LMAO! It's so hilarious that people like you forget that the alternative is relying on bureaucracies managed by people that get things wrong more often and are both too lazy and too stubborn to process your application to review your drilling report again.
If using both human-level and AI-level analysis is cheaper and much more accurate (but still imperfect), I'm willing to settle for a better system than oppose all change and die holding out for a perfect system.
Let's say some of your drilling reports contain a pattern that indicates balrog activity, which the LLM misses. The legal or insurance context requires you to monitor and address potential balrog activity. How do you plan for these failures?
In almost every case I've seen, the plan is to not have a plan, which is another way of saying that the data doesn't matter so long as no one complains about the results.
Once again they are selling it like something that's for everyone right now. This is the problem. THe same with the metaverse. It has some really great usecases, but they made it out like next year we would all ditch our phones and work exclusively in a VR headset. Obviously that didn't happen, as the tech was nowhere near that and probably people don't want it either.
Also, if you really need to be sure that those 30.000 drilling reports really didn't contain any hazards, you still have to go through it all yourself. Don't forget LLMs aren't reproducible.
But no, my point was exactly that it's not just hype. There are genuine useful usecases, I totally agree.

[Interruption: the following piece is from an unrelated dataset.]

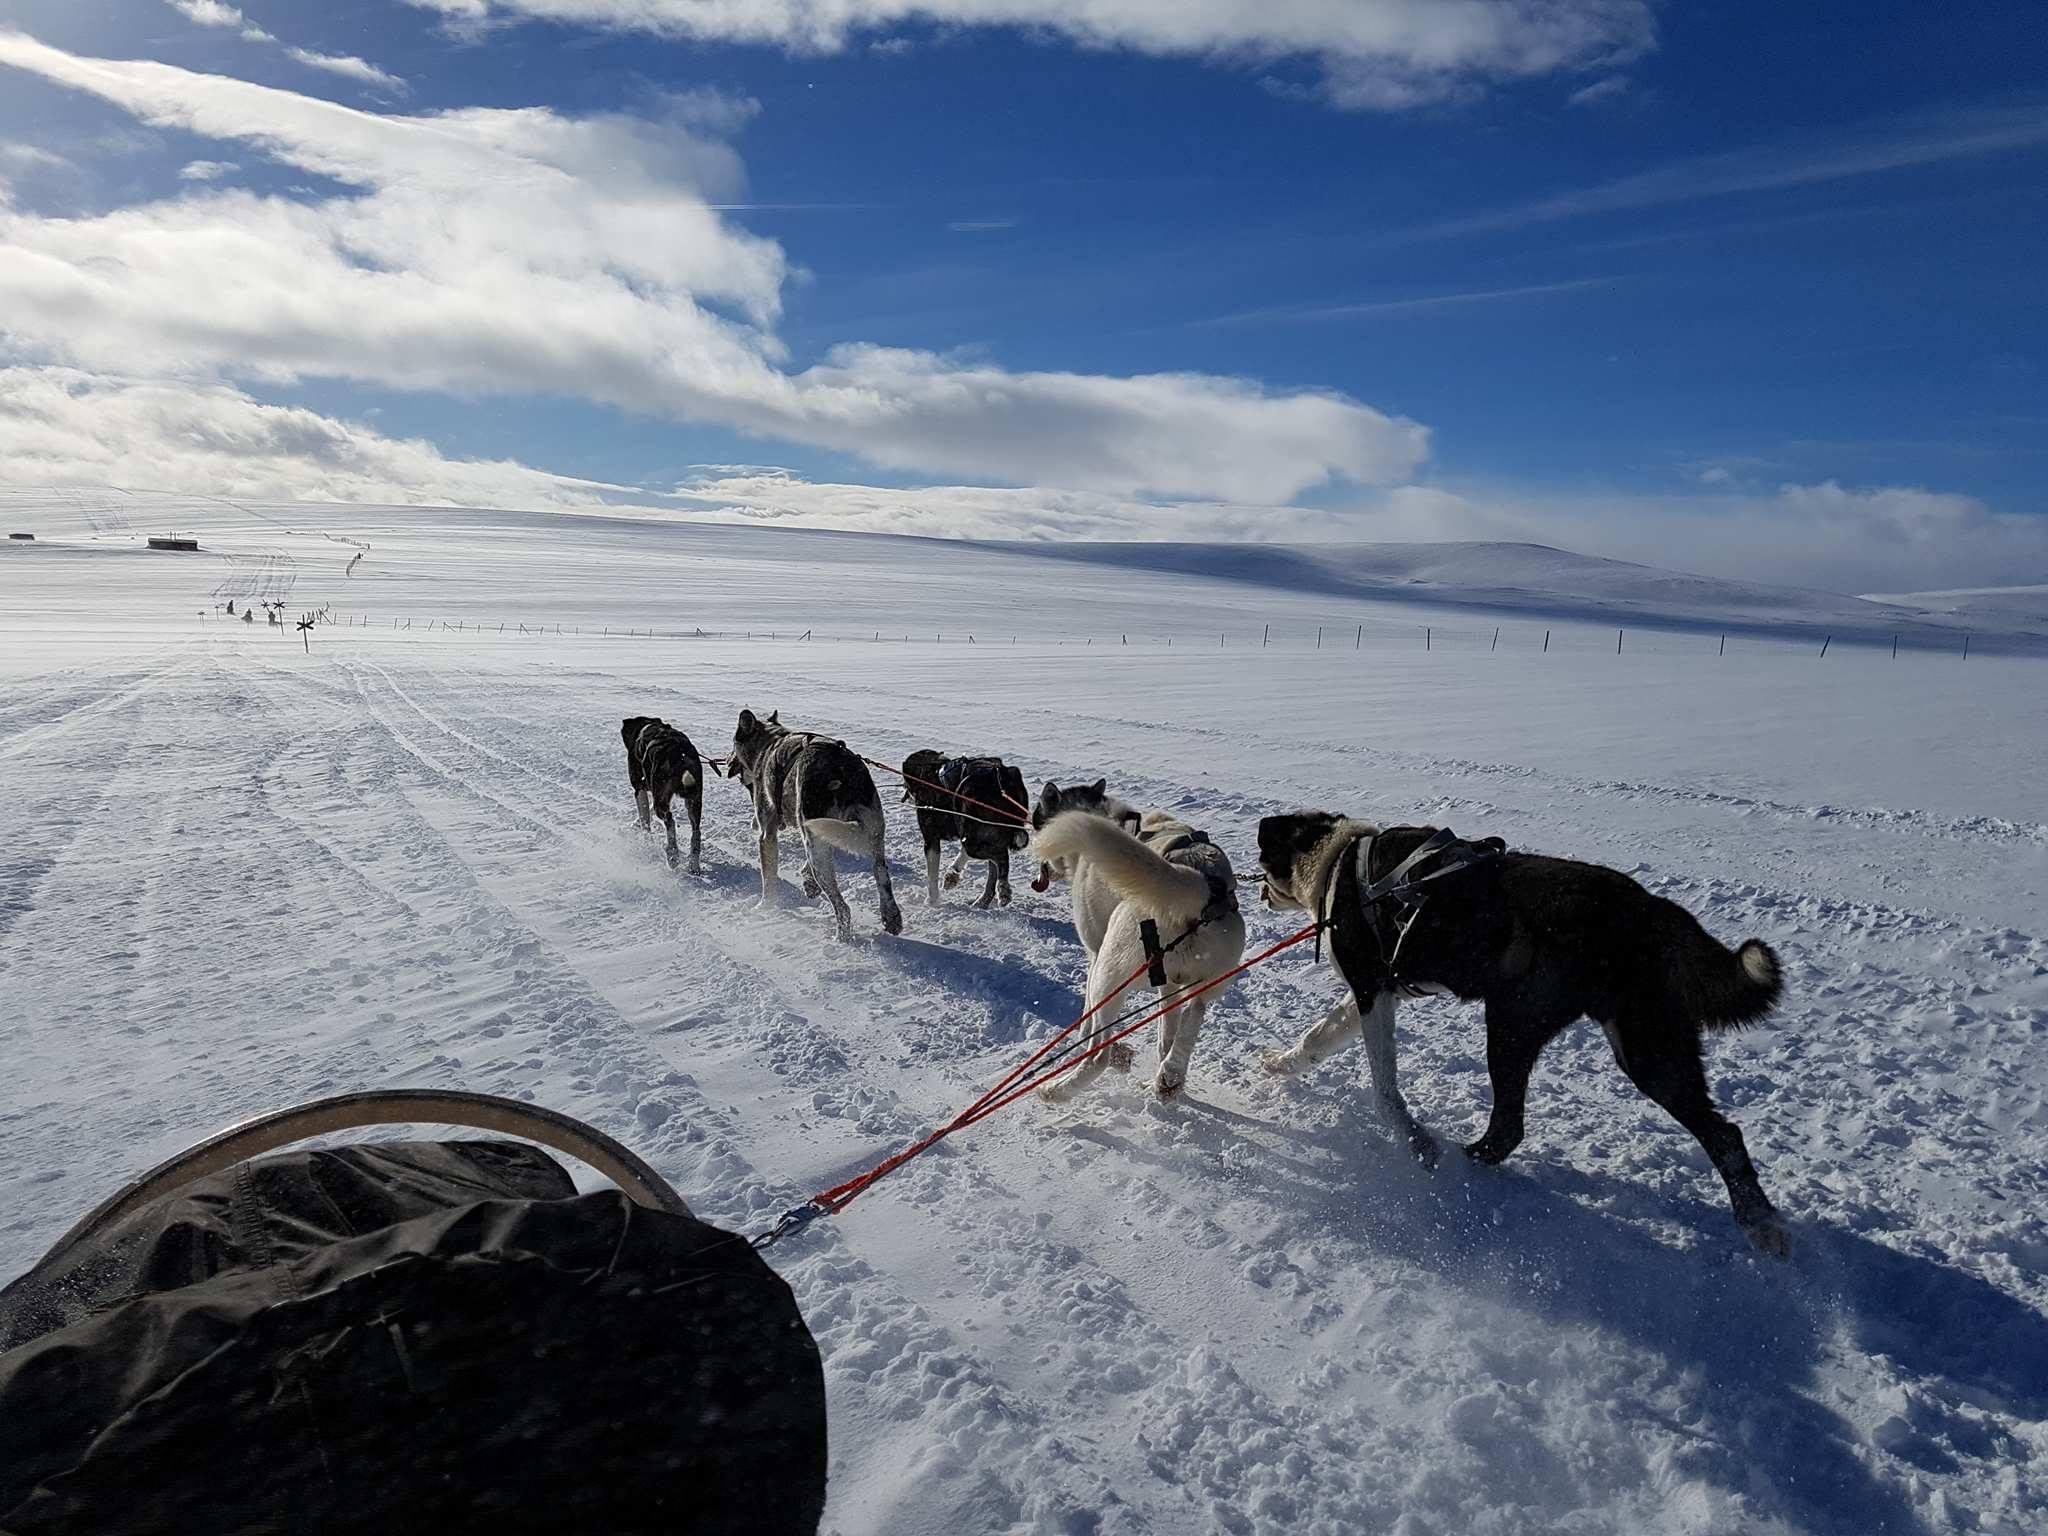 Chàng trai từng kêu gọi cộng đồng mạng vote cho mình đã hoàn thành thử thách chinh phục Bắc Cực! - Ảnh 8.

As there were for metaverse, and probably even for blockchain (NFT not so sure tho :) I always thought they were really a solution looking for a problem). The key thing about a hype is that they overblow the potential benefits way too much though. I see this happening here once again.
Until then, I'd have to side with said pessimists here.
You're comparing LLMs to a hypothetical alternative where a human reviews all 30k documents in detail. But the real alternative is often just a worse quality sieve where more errors blunder their way through the existing flawed processes. LLMs can improve on that.
You're right, I am comparing it to that alternative. There are fields and applications where this is necessary. I do not know if drilling reports are one of them. If you can tolerate a large false negative rate then great. But if you need to be catching 99.99% of problems then IMO you should at least be able to show your work. Taking black box output and throwing it over the wall sounds so sketchy in engineering contexts.
So if my ass was on the line for the output of an AI-written program being correct for 30k cases of parsing unstructured or mixed data I would be extremely careful. That is my point.